• _EXERCISE AIM_
Everything in the data below is left aside except the lines from the one containing "Купить обложку на" through the one containing "Palette Deluxe Oil-Care"; repeat those exactly.

• _DATA UNDER STUDY_
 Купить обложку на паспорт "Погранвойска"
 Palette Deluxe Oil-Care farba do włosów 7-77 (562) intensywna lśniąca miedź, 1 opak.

...

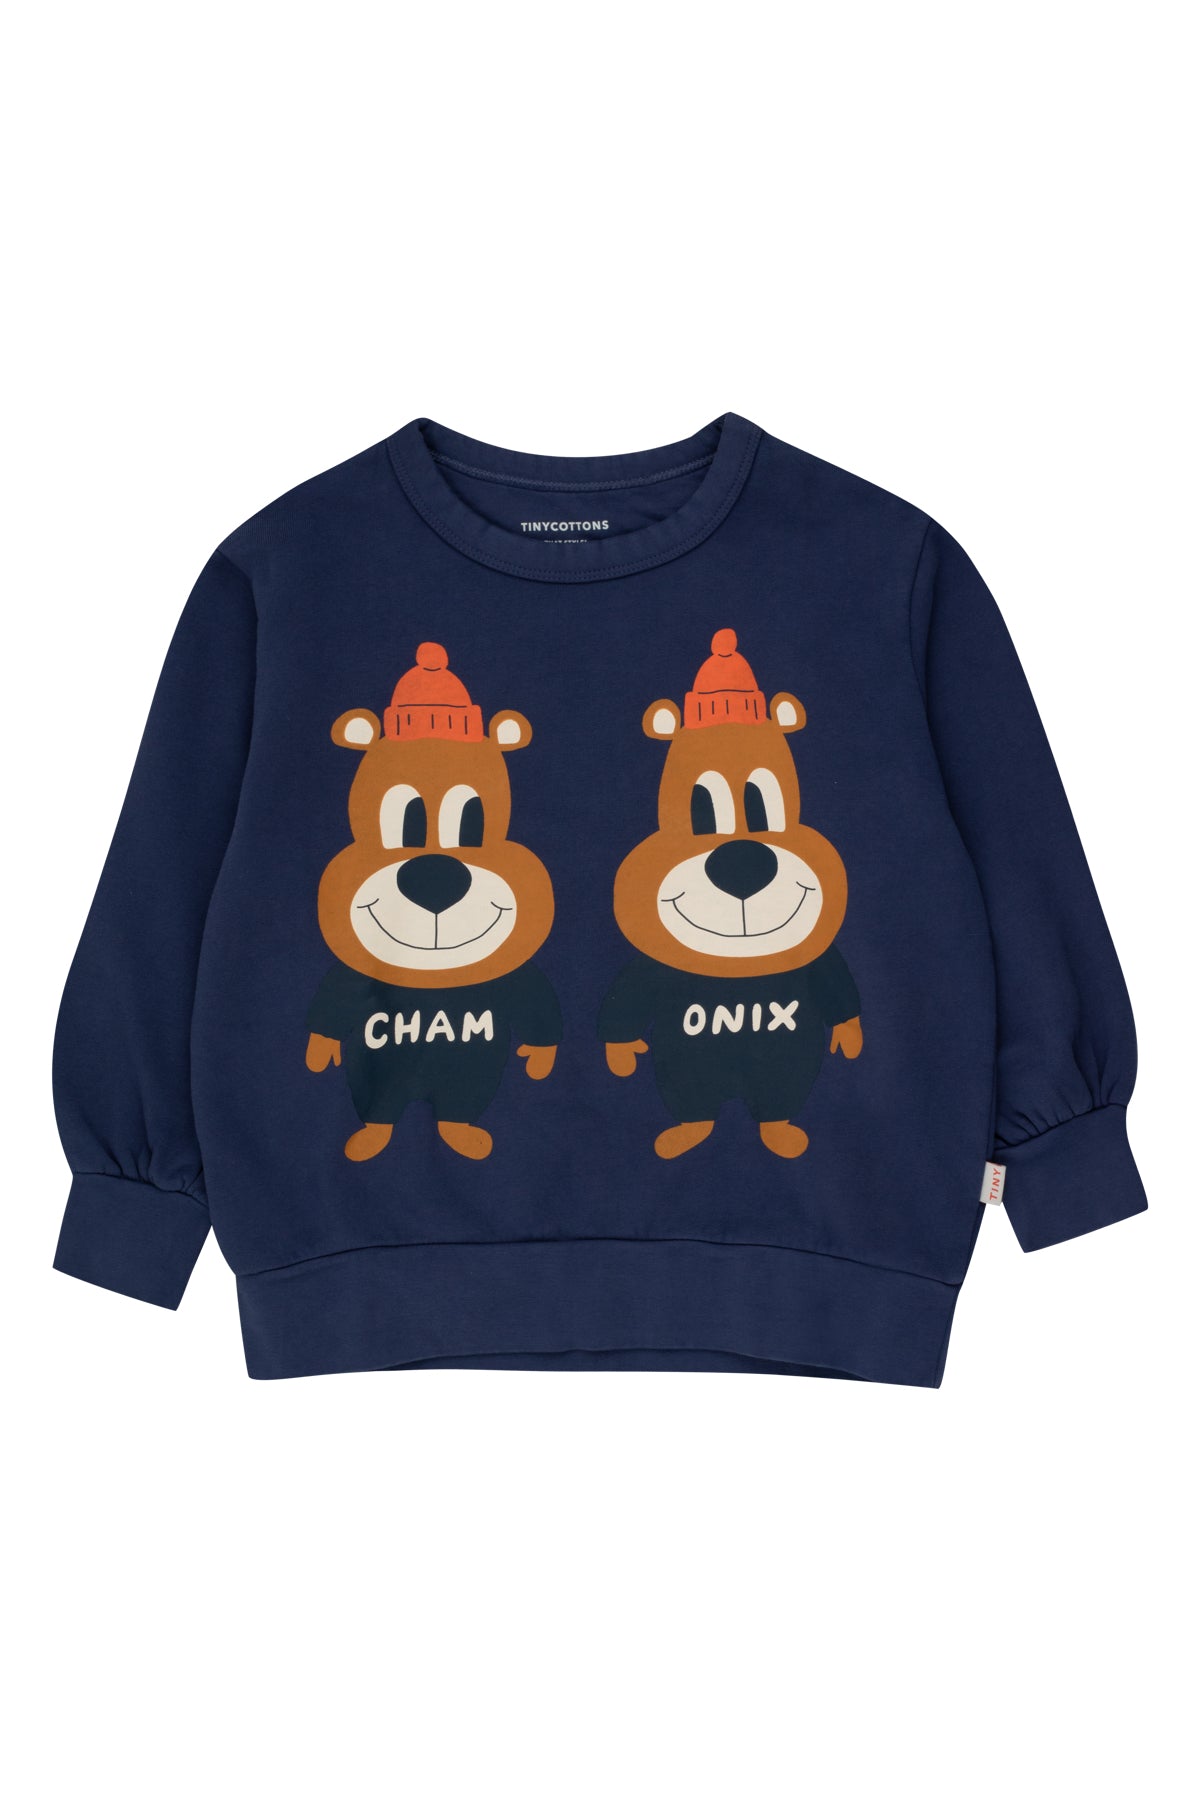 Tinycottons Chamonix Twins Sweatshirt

• _RESPONSE_
 Купить обложку на паспорт "Погранвойска"
 Palette Deluxe Oil-Care farba do włosów 7-77 (562) intensywna lśniąca miedź, 1 opak.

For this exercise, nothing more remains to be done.